Basé en partie sur des morceaux des compilations lives Document & Eyewitness et Turns & Strokes.

line up

Colin Newman (chant, guitares, mellotron, orgue, piano, mandoline, basse, production), Graham Lewis (basse, chant, guitare baryton, piano, synthétiseurs, claquements de mains), Matthew Simms (guitares, mellotron, claquements de mains), Robert Grey (batterie, percussions, claquements de mains)

chronique

Wire au couloir rouge étrange... Il y a quelque chose au bout de ce couloir. Quelque chose de magnétique, quelque chose d'un peu angoissant. C'est fou, comment un simple couloir peut embraser l'imaginaire, hein ? Wire est ce groupe aux corridors temporels secrets, et ici il lie - sans concept juste "parce que ça c'est fait comme ça" comme souvent avec eux - le testament live expé-radical de sa première période, avec sa troisième phase au son beaucoup plus doux et aérien, exprimant la plénitude de l'âge canonique sur son propre label. Soit des morceaux des extrêmes Document & Eyewitness / Turns & Strokes, utilisés comme amorces plus que retravaillés... pour donner une musique beaucoup plus accessible, presque à l'opposé du spectre. Moins rêche, plus fraîche. Moins expérimentale, plus rock/pop avec du sombre et de la lumière, tamisée surtout. Clair-obscur. Manipulations, manigances aux accents tièdement séducteurs : tout est sous contrôle comme toujours, avec une touche After Hours. Nocturne, en fait, versant errance en bâtiment abandonné. Noctambule, tendance insomniaque. Wire, musique des heures blanches. Wire, musique de la nuit.

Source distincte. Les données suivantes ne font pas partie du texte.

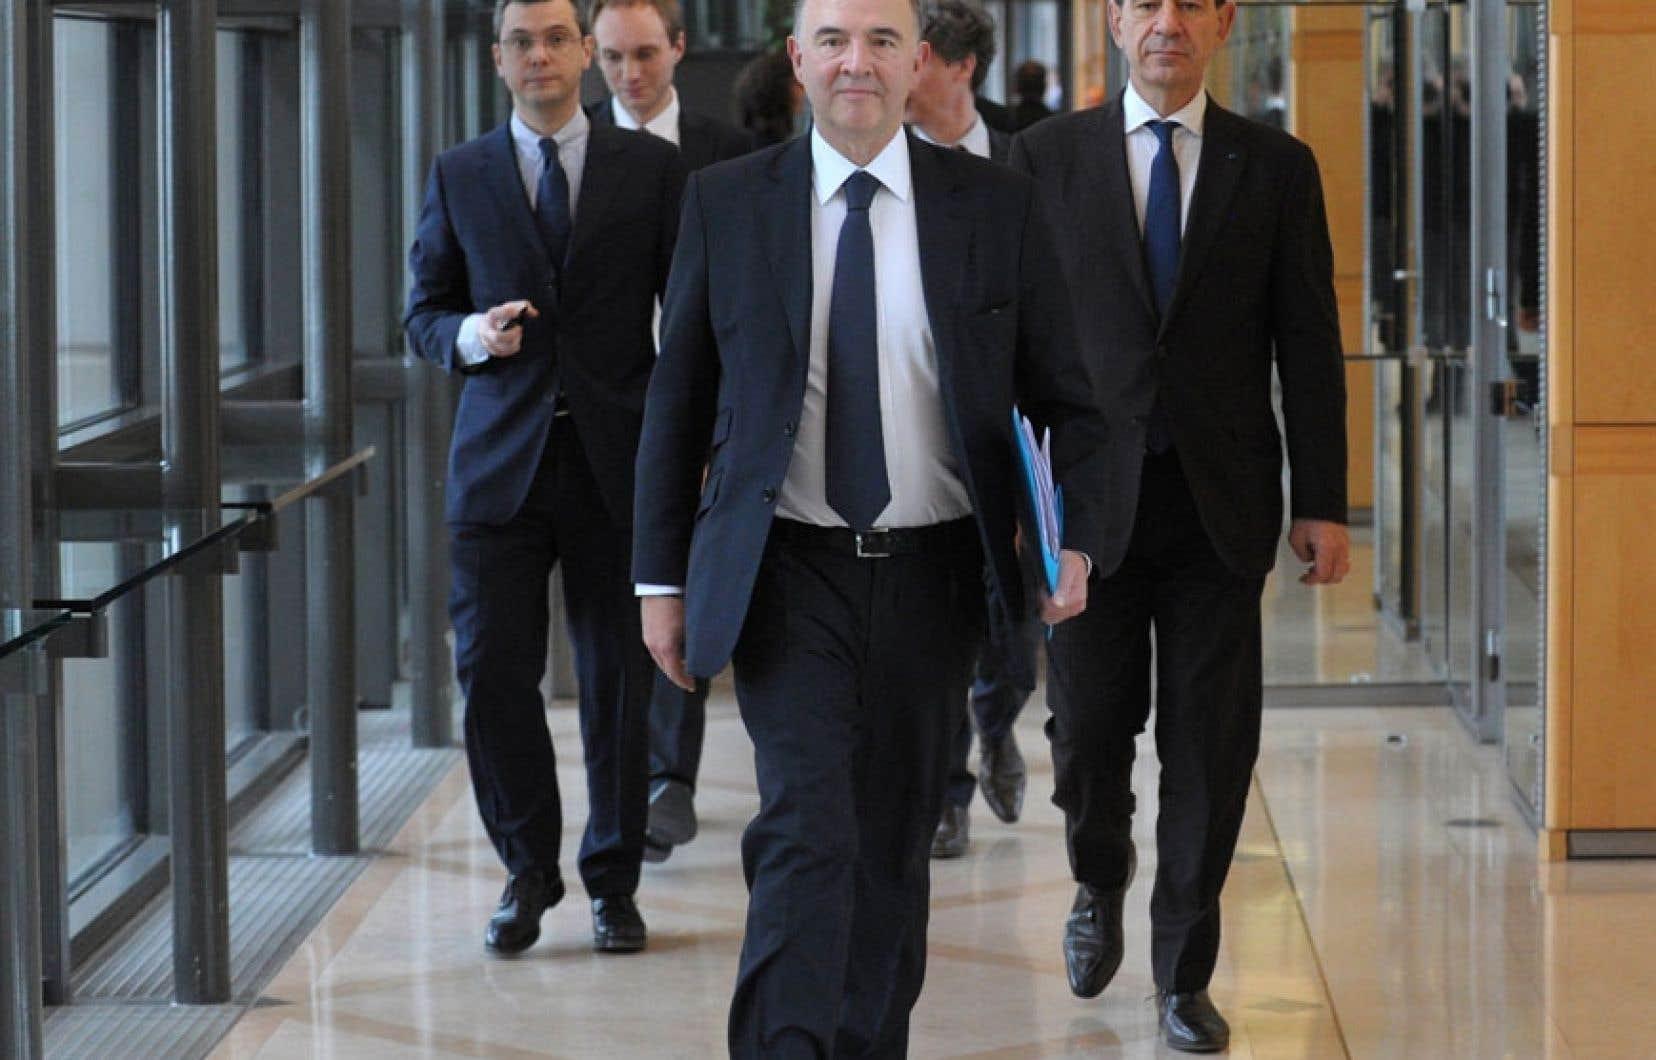 Le ministre français des Finances, Pierre Moscovici, à son arrivée au ministère, mardi. Le déficit public représentera plus que 3% du PIB du pays à moins que des mesures soient prises.

La nuit... Quand il n'y a qu'une lumière d'un bureau resté allumé, dans un bâtiment froid, parfois celle de la veilleuse d'une sortie de secours, cela donne un tout autre visage à ces lieux de travail si insignifiants la journée. Ils ont l'air moins vides, que quand ils sont pleins d'humains... Voici une des clés qui m'ont permis d'accéder à la musique de Wire : l'écoute seul, de nuit. Où on peut alors savourer des morceaux en écho moderne post-gaze-dream aux bruitisme post-punk/indus, dès cette "Ally in Exile" revisité en guise d'intro, et ces "incommunicado" comme sectionnés par Newman, obsédants... C'est dans cette ambiance d'errance nocturne que l'extrêmement obsédante de "Time Lock Fog" (version moins barrée mais plus sournoise de "5/10"), s'est révélée à moi, par sa ligne de basse sinistre et addictive de Lewis, ses effets troubles mentaux, spectraux, au centre desquels l'impassible Newman fait office de pivot - lui qui a en 2013 cette voix toujours plus lisse et synthétique, comme trafiquée en post-production par des scientifiques, comme passée au filtre à égaliser/lasériser la passion, puis posée comme une fine gaze sur les instruments... Effrayant de magnétisme, ce morceau. Un des titres les plus rampants et addictifs de Wire, qui me projette dans cette pochette, et qui revient me hanter parfois quand je marche la nuit... Même dans les moments mous : quelque chose retient l'attention. Comme dans ce couloir. Notre imagination doit aller au fond - et la musique l'y aide.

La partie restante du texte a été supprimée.